▸ TASK PROMPT: Would you please copy the part of the material below that opens with the line containing "En flaske 2018" and closes with the line containing "BITWA_REGIONOW_2022_zaproszenie.jpg"? Copy it exactly, and only it.

== == ==

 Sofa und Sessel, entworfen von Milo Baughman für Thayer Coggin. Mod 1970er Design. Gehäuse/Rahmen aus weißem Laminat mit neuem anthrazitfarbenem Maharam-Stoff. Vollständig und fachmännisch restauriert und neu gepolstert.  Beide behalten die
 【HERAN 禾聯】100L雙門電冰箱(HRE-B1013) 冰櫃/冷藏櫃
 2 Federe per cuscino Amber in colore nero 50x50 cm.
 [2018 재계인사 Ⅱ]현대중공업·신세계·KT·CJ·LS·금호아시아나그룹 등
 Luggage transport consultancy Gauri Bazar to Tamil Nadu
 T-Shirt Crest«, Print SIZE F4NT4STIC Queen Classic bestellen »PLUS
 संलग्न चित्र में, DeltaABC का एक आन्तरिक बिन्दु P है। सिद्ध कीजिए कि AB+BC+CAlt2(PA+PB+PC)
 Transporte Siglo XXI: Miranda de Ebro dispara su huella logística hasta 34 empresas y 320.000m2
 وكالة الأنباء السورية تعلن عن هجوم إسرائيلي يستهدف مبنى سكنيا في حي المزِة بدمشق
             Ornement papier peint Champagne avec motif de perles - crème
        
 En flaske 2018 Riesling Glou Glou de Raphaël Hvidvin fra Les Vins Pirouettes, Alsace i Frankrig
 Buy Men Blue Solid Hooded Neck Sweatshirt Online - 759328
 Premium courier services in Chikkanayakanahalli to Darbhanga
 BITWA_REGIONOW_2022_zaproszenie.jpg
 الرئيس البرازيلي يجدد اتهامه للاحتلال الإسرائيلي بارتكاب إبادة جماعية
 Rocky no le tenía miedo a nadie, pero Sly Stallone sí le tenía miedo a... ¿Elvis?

== == ==

▸ ANSWER TO THIS PROBLEM:
 En flaske 2018 Riesling Glou Glou de Raphaël Hvidvin fra Les Vins Pirouettes, Alsace i Frankrig
 Buy Men Blue Solid Hooded Neck Sweatshirt Online - 759328
 Premium courier services in Chikkanayakanahalli to Darbhanga
 BITWA_REGIONOW_2022_zaproszenie.jpg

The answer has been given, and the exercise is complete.